Questions on modular arithmetic functions in rat3a.lisp

On 6/21/2012 6:35 AM, Camm Maguire wrote:
> Greetings!
>
> 1) The comments indicate that modulus is nil or positive.  Is it always
> an integer?
All uses of modular arithmetic in the existing code assume that the 
modulus is
a prime positive integer.  The system refuses to allow  modulus:2.5;   
it also
gives a warning for modulus:20,  a non-prime.  It goes into an infinite 
loop for modulus:-45.  (a bug...)

> 2) The comments indicate that if modulus is non-nil, the arguments to
> ctimes (et.al. ?) are numberp and less than modulus.
proper elements should be less than  modulus/2  in abs val.  except if 
modulus = 2, then the
two proper elements are 0,1.
e.g. modulo 5, the numbers are -2,-1,0,1,2.

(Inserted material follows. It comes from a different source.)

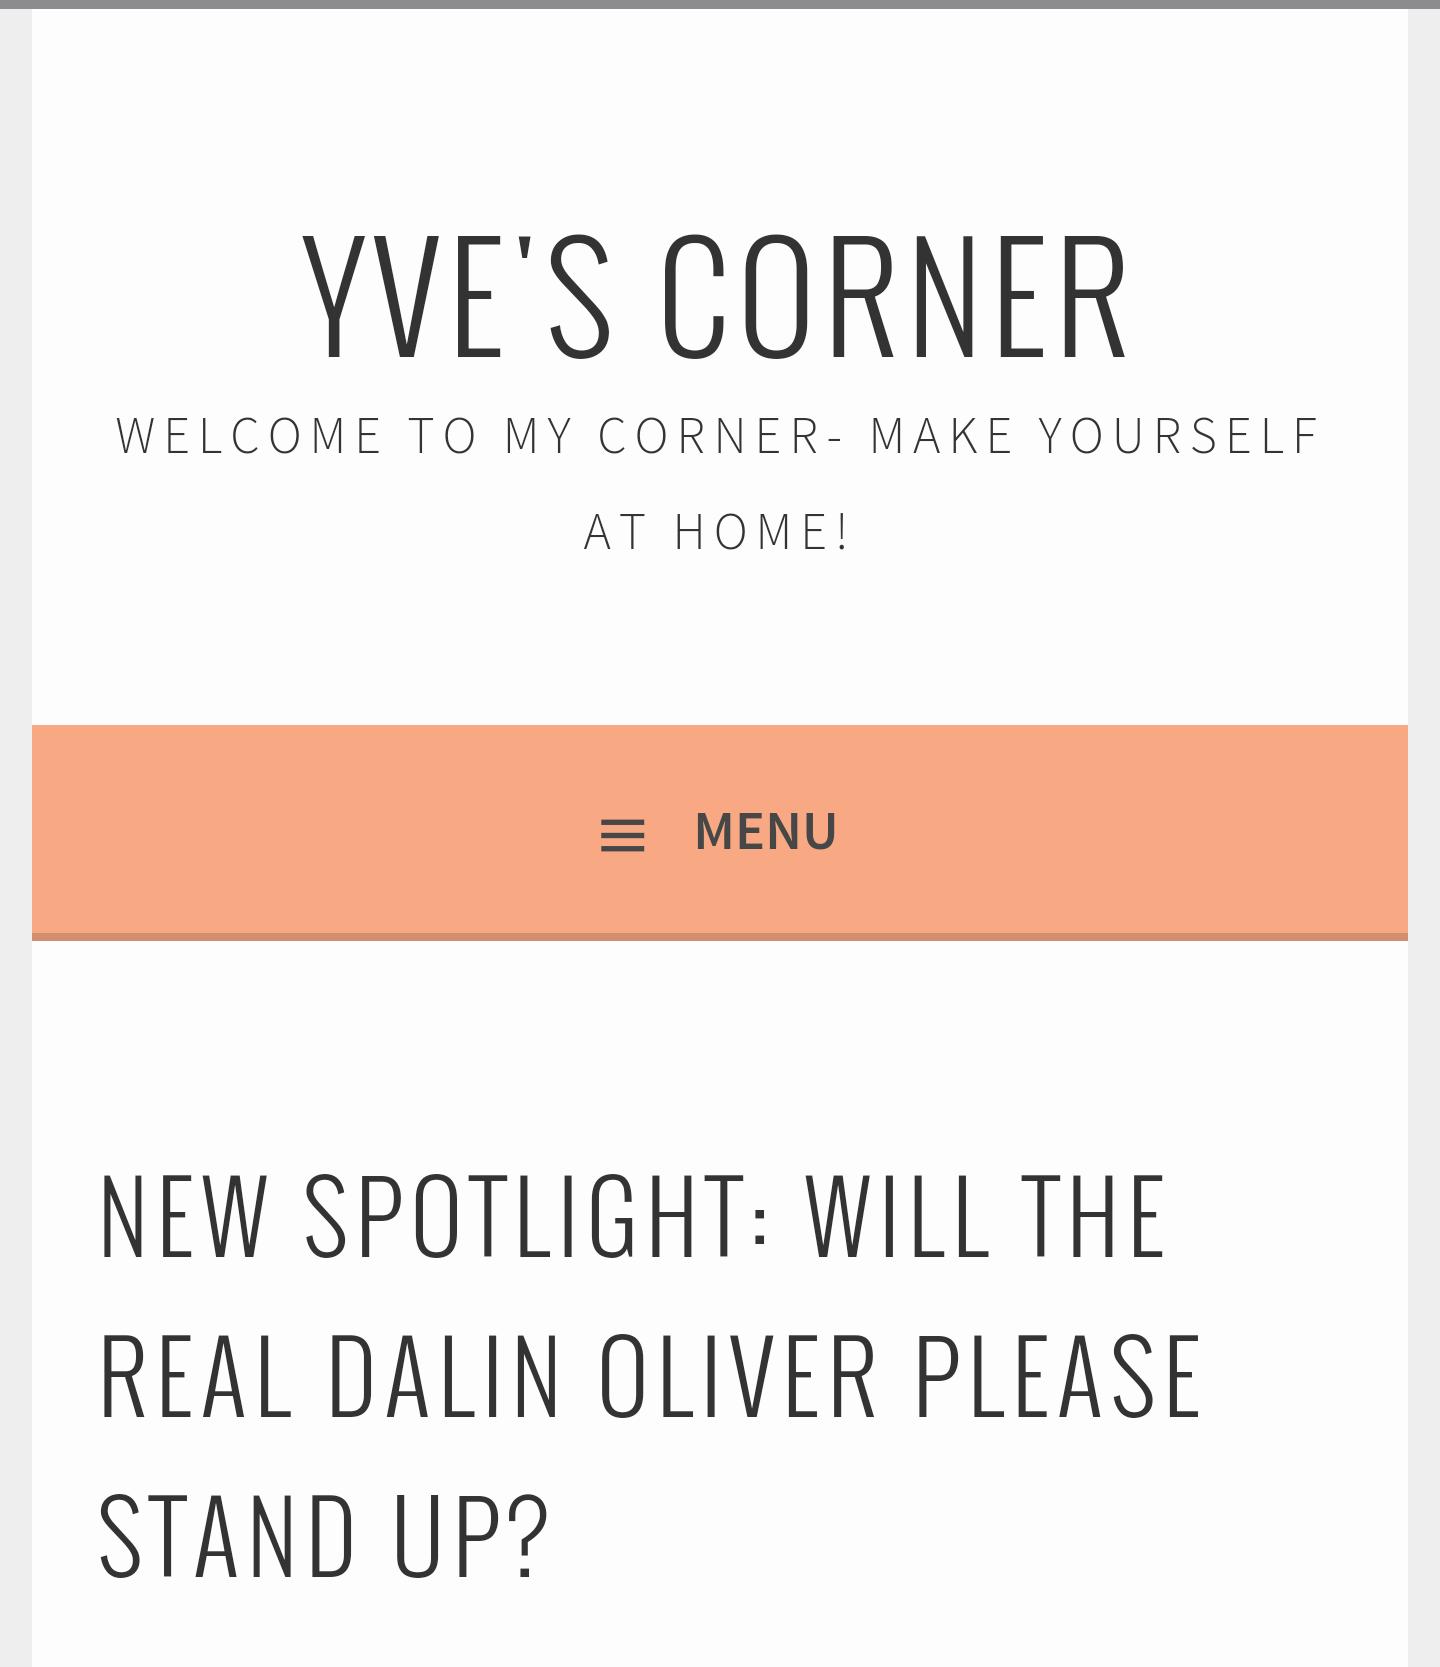 eves corner

If ctimes is given numbers outside that range the result should be in 
that range.

>   Are they in fact
> integers?

They are integers.  It is somewhat unlikely that someone comes up with a 
meaningful
interpretation of non-integer here, that makes good use of the rest of 
the mechanisms.
>   Are they bounded from below?
the result is bounded from below by half the modulus.
> 3) GCL has a C implementation of ctimes which balances modular
> arithmetic between -modulus/2 and modulus/2.  The generic lisp version
> seems only to implement the upper bound.
That then is a mistake.
>   Is there a reason for this?
Probably it is an error if SBCL does not use a balanced representation..
> Is the modular balancing necessary?
It is possible to use any sequential set of numbers, e.g.   0,1,2,3,4   
instead of -2,-1,0,1,2  for
modulus=5, and build a system around that choice.  The balanced choice 
has a few conveniences
such as some calculations over the integers mod <some huge prime>  look 
exactly like the
calculations over the integers.

> 4) Why is bctimes/rem used in cbexpt instead of ctimes/mod?

  bctimes is faster because it doesn't need to check to see if modulus = 
nil .  It is called repeatedly
from within the expt program.


If there is an interest in making these programs run fast, it may be 
worthwhile to separate
out the case of
modulus <=  2*(most-positive-fixnum)

where the arithmetic can be done in registers etc.

This is in fact the most common case and is presumably slowed down by 
the prospect of
ever encountering a bignum modulus.

See  the code in the reciprocal  in rat3a, as an example.  But if you 
want to code other stuff in C
as was done by Bill Schelter for GCL, that would make some things 
faster. Whether one would
notice it depends on how much rational polynomial arithmetic was being used.

RJF